It really is a pleasure to exchange knowledge with you.
Regards,


----------



## gengo

Cubanboy said:


> You're right that it isn't a proper noun, but you can't translate it as ''en la forma de piedra angular'' either as you previously mentioned.



I didn't mean to imply that "en forma de piedra angular" should be used as a translation.  I only meant that keystone refers to a trapezoidal shape here, and therefore does not need to be capitalized as if it were a proper noun.



> I already corrected the error and finally translated it as *''corrección trapezoidal vertical''*. Thank you very much for the correction. Is that OK with you?



You know better than I what sounds best, but I did see many, many Spanish websites that used the word keystone (always capitalized, for some reason).  Your translation is certainly clearer to someone who is unfamiliar with the English word keystone, but the important thing is to choose the word that is used most often by experts in this context.


----------



## cirrus

I think the problem is that instuctions written in English rarely make sense to English speakers, let alone when they go on to be translated to another language. I wonder whether this is because they are written by experts or whether they are just bad translations from some other language. Whilst I understand keystone adjustment (I have to do umpteen presentations) I can't think of another way to describe it other than something long winded - adjusting the image so that the projection seems more like a square rather than a flared quadrilateral.
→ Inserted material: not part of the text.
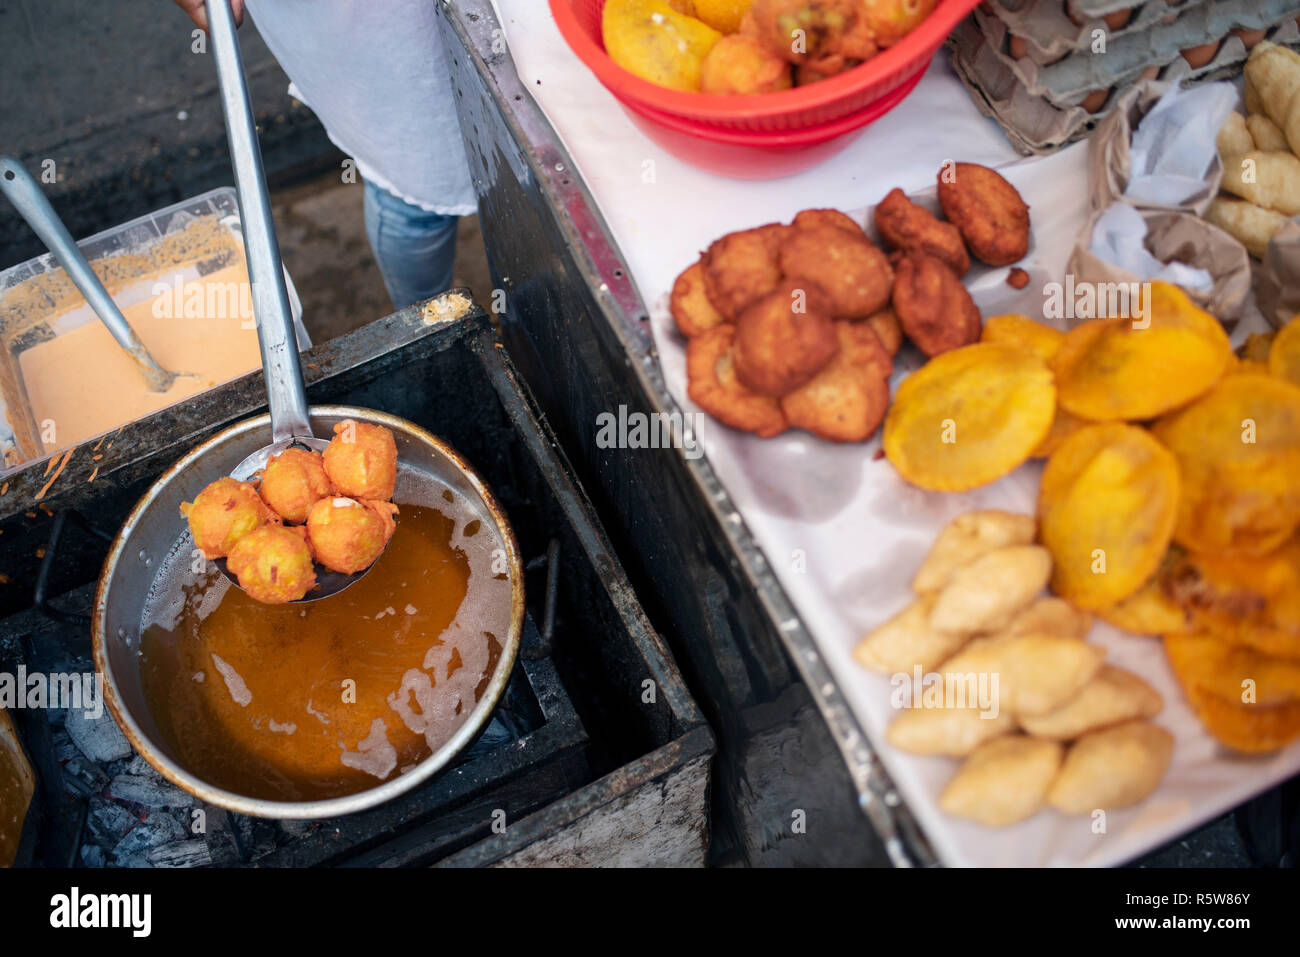 Fried street food in the making. Yuca, potato, patacones with costeño (plantains with soft cheese) and arepa with egg. Cartagena de Indias, Colombia Stock Photo
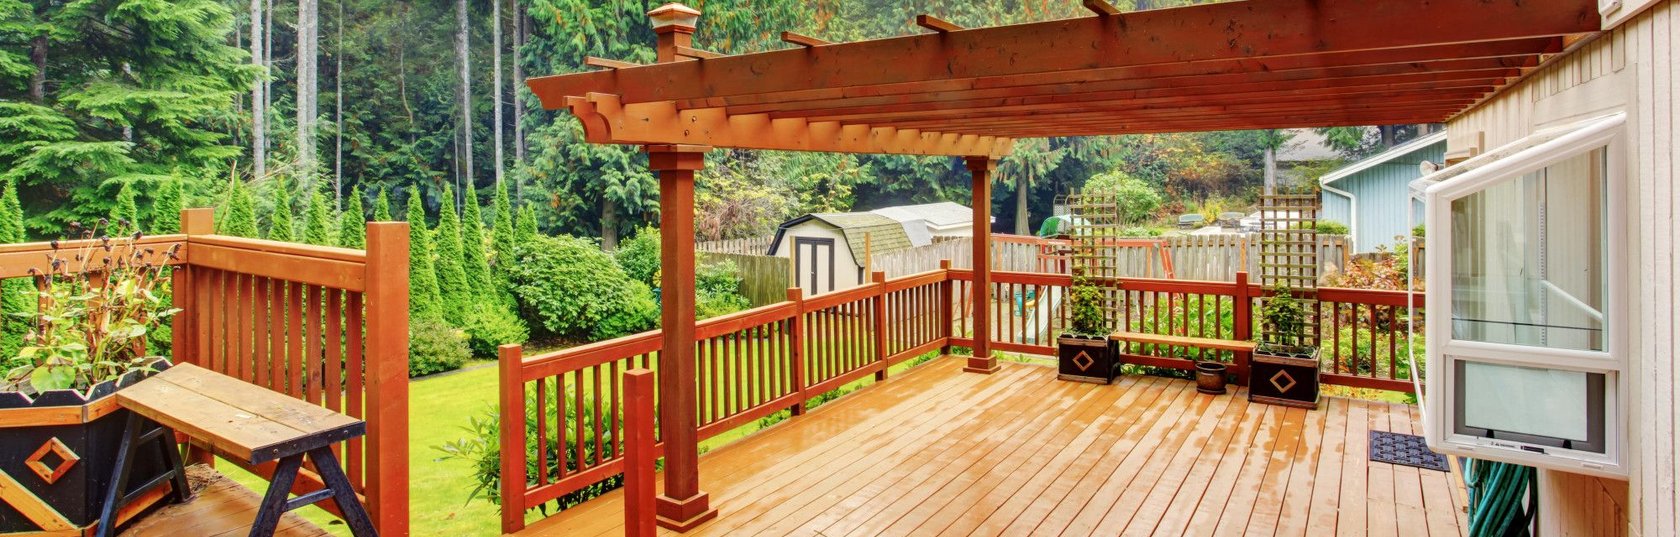 15 timber decking options: which is best for your home?

Also I have to admit that as a man the last thing that occurs to me is to read the instructions. These days there is a tendency either for equipment to just come with a cartoon or no instructions and telling you go to the manufacturer's website.


----------



## sdgraham

gengo said:


> Cubanboy, why is "Keystone" capitalized in Spanish?  It is not a proper noun, and just means (en la forma de) piedra angular.



Note that "Keystone" is a now-defunct brand of motion picture projectors.

See HERE, for example.

I have no idea how the name became associated with distortion or whether it was simply coincidence.


----------



## gengo

sdgraham said:


> Note that "Keystone" is a now-defunct brand of motion picture projectors.
> 
> See HERE, for example.
> 
> I have no idea how the name became associated with distortion or whether it was simply coincidence.



That must be a coincidence.  Look at the link I gave in post #4, and you'll see an illustration of what is happening here.  The uncorrected projection has a trapezoidal shape, exactly like that of a real keystone (at the top of a stone arch).  This is corrected to make the projection square.  So the word keystone is referring to the shape of the projection, and has nothing to do with any proper noun.


----------



## Soledad Medina

Mi inmensa gratitud para todos por sus valiosas sugerencias e interesantes comentarios.  Me alegra estar rodeada de foreros inteligentes como ustedes.
Un abrazo
Soledad


----------